I tested the newly added Input Debugger features myself now, and think it is priceless. The only wish I would have is to name target/ Polling Frequency with a bit more clarity or adding an explanation with a small text underneath, or a hover textbox? For me the meaning wasn't clear initially (your live demo on friday was very helpful) - also for the restrictions eg when n/a shows up and what this means.

I agree, the UI layout isn't very helpful, maybe I should try revisit the IMGUI design here to at least make it a bit better (I think the debugger window is overpopulated to begin with, contains a mix of static and dynamic data and should likely be split into multiple windows and/or perspectives).

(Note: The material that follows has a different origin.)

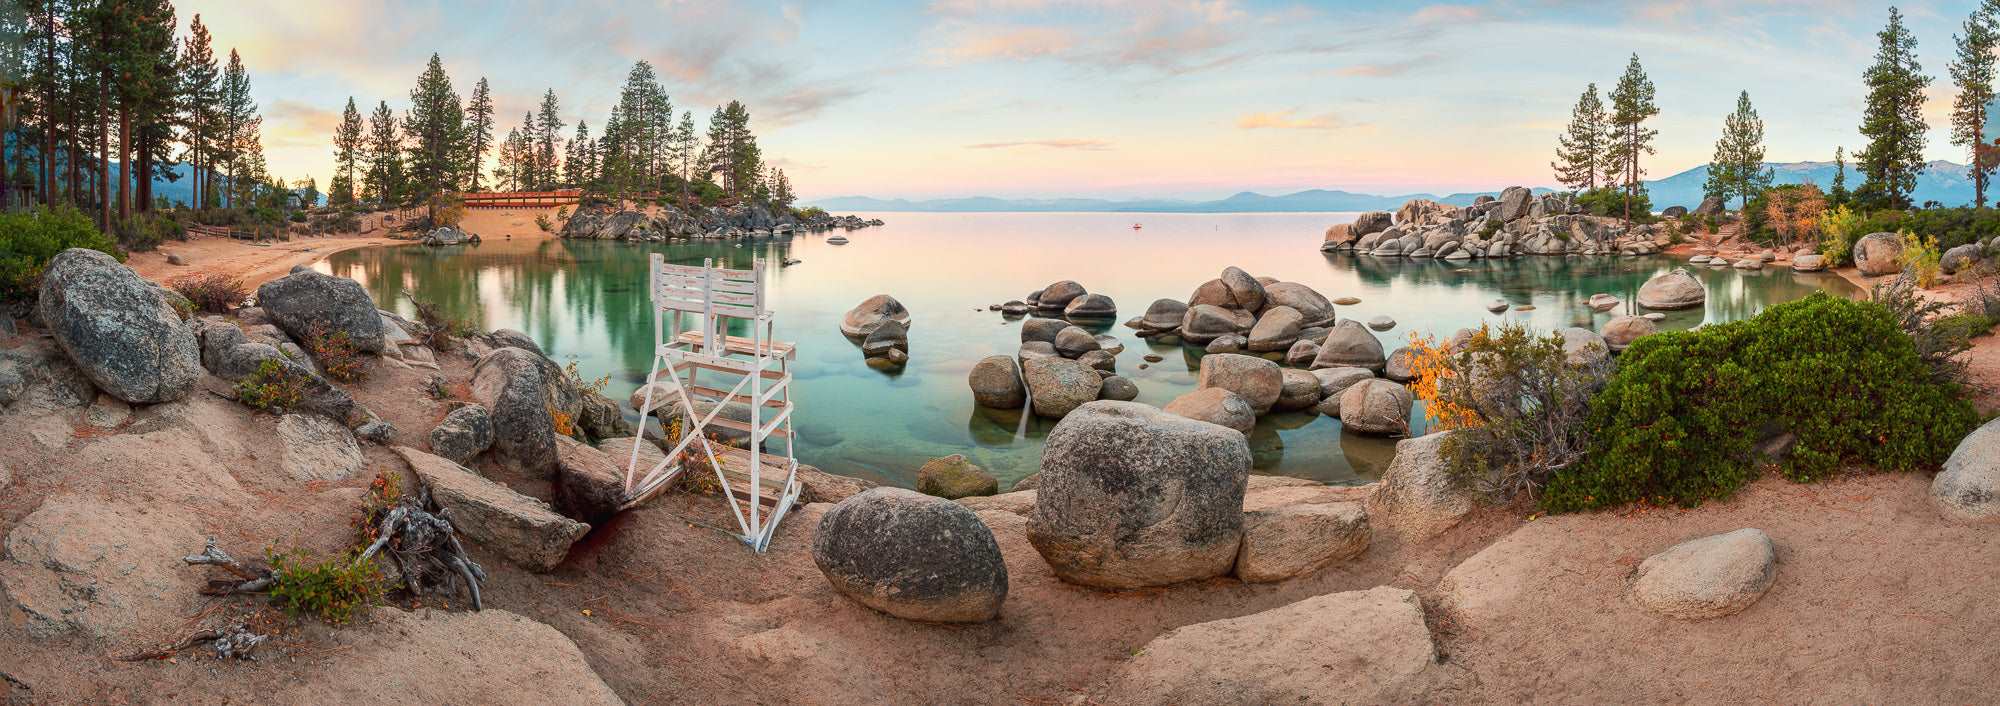 Lake Tahoe Serenity's Watch: Sunrise Over Sand Harbour - Stephen Milner
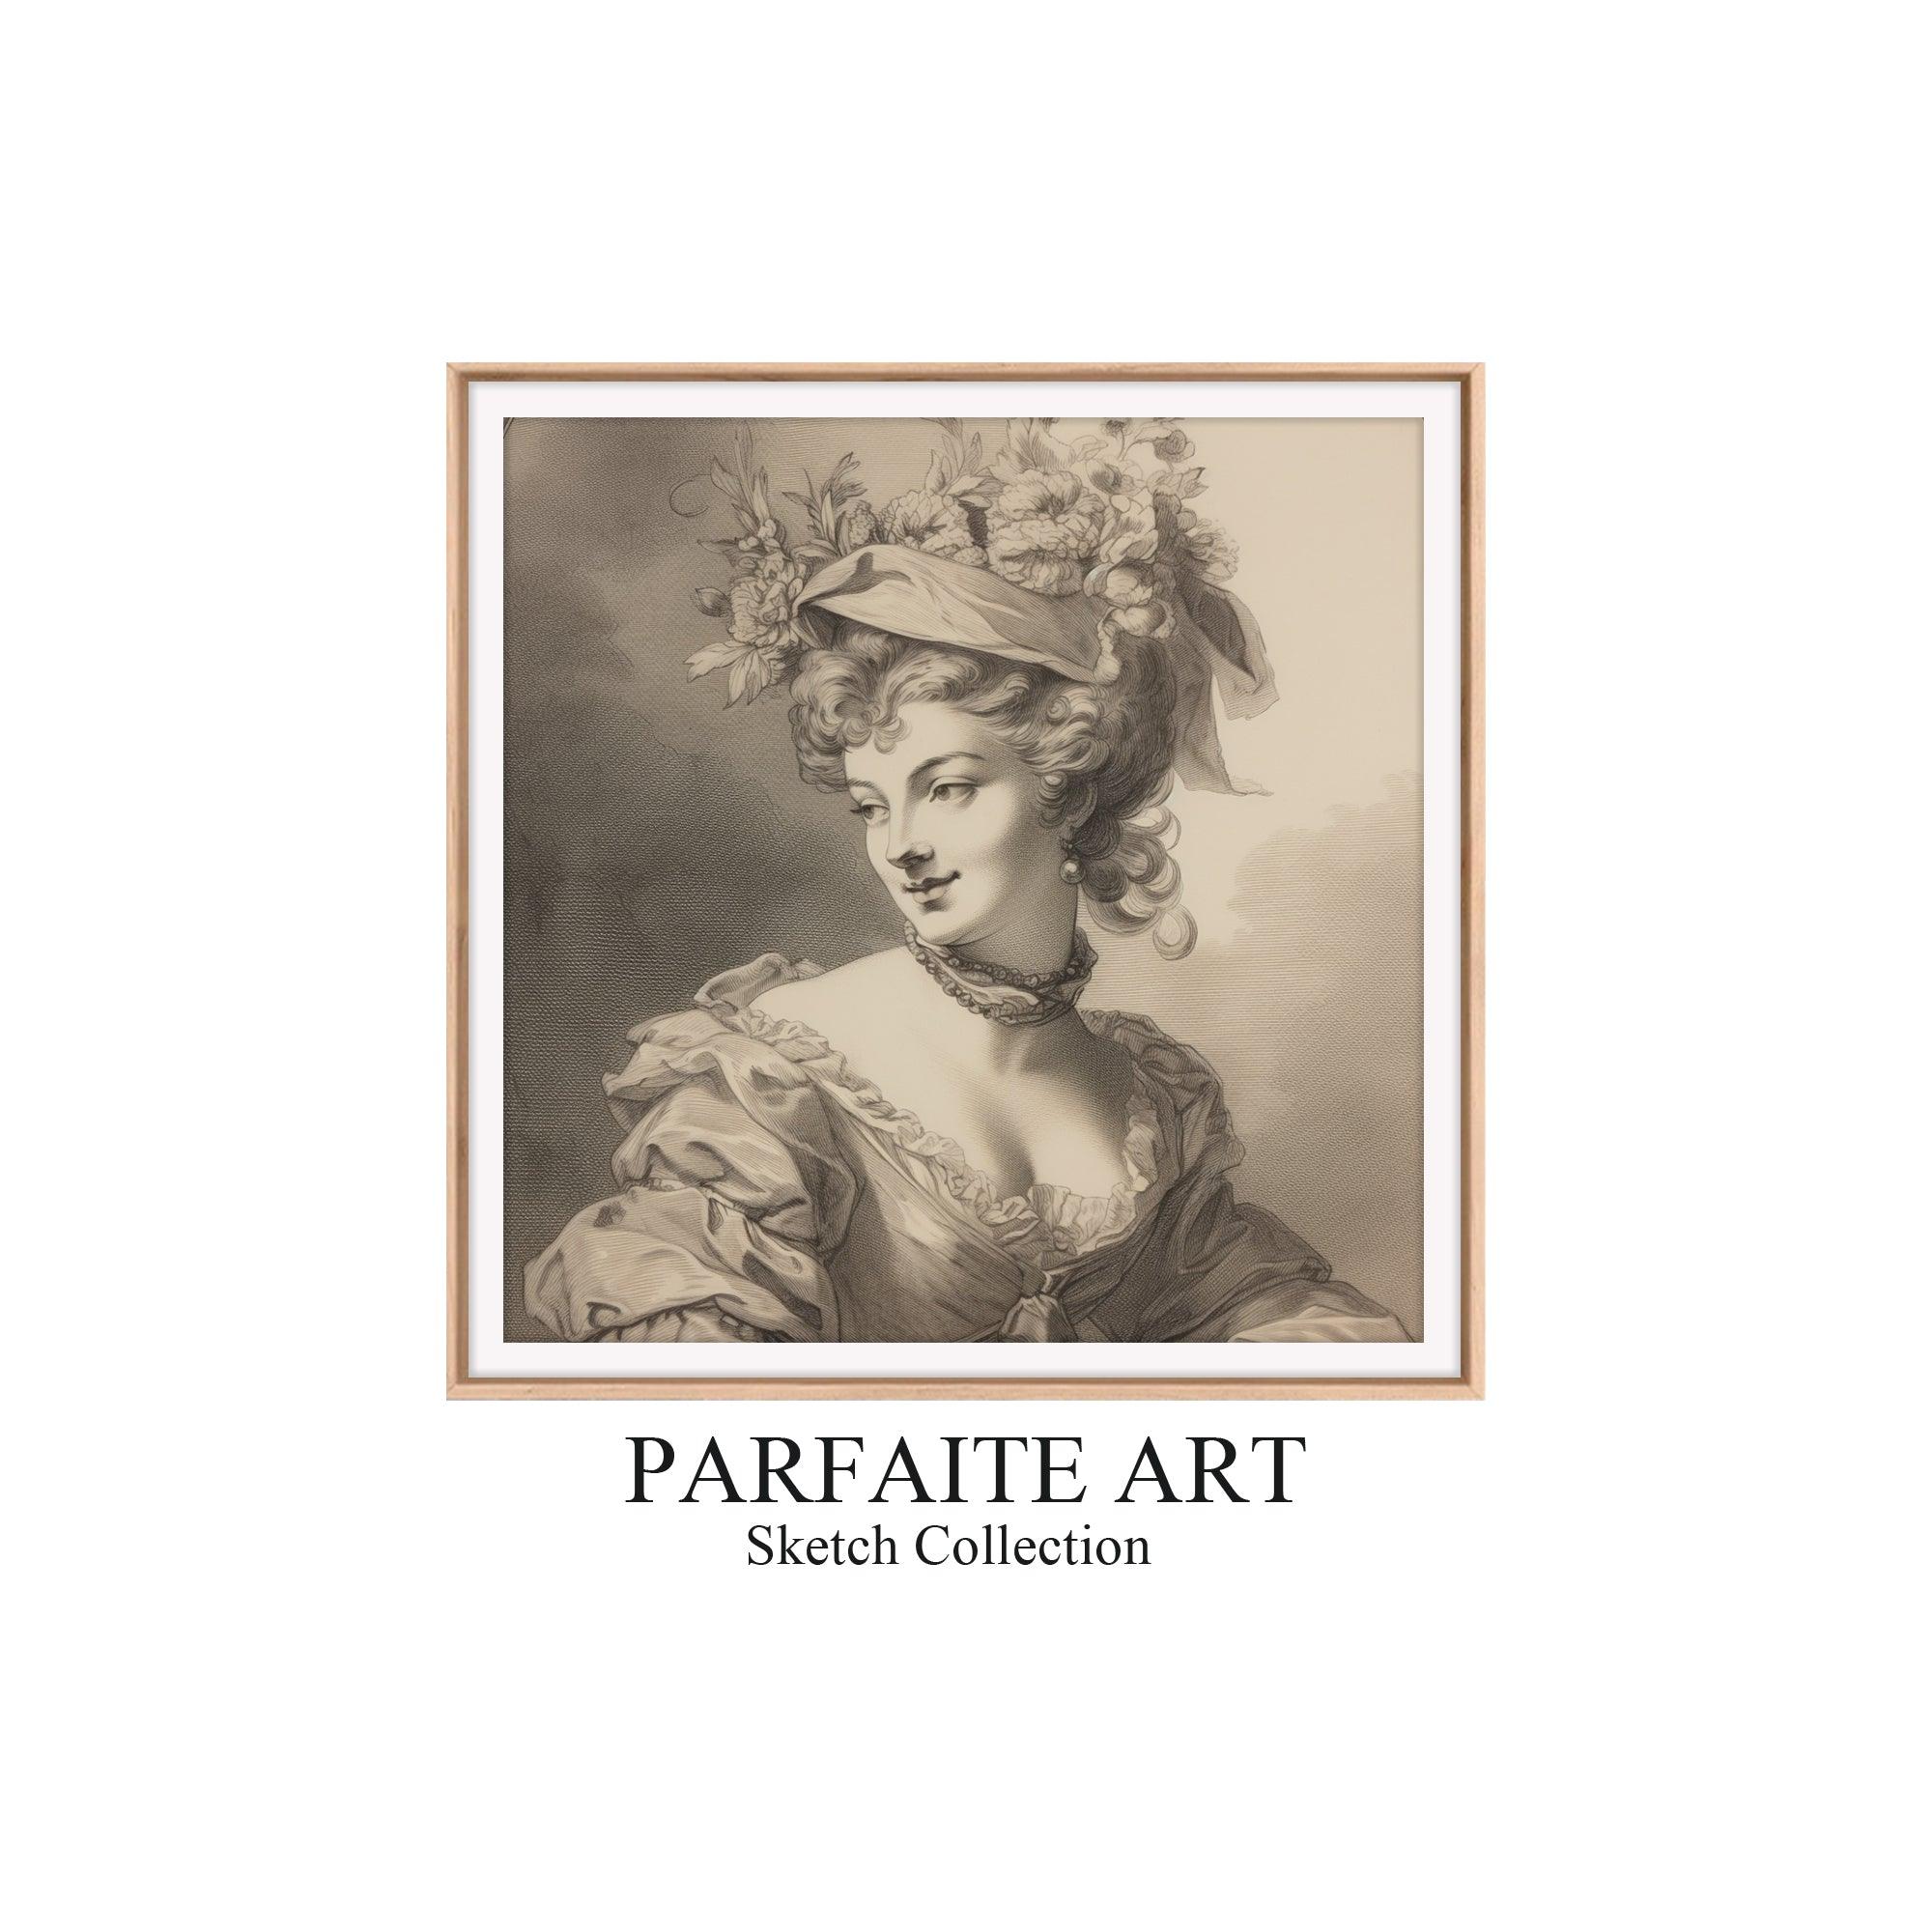 Classical Woman Portrait | Vintage Wall Art |Sketch etching printing |Moody Wall Decor |Home Decor Aesthetics|PRINTABLE Art |Digital Download

Regarding the N/A and Target polling rate I would propose the following:

  • Add a new IOCTL command allowing to query whether a device is subject for polling or not. If it's not, there is no point in showing Polling Frequency. This would be trivial if done on module level and could even be a flag. Will investigate.
  • Only show target if the device responds that it has a device-specific target frequency. This will only show something for sensors currently. In the future I hope all devices can be device-specific.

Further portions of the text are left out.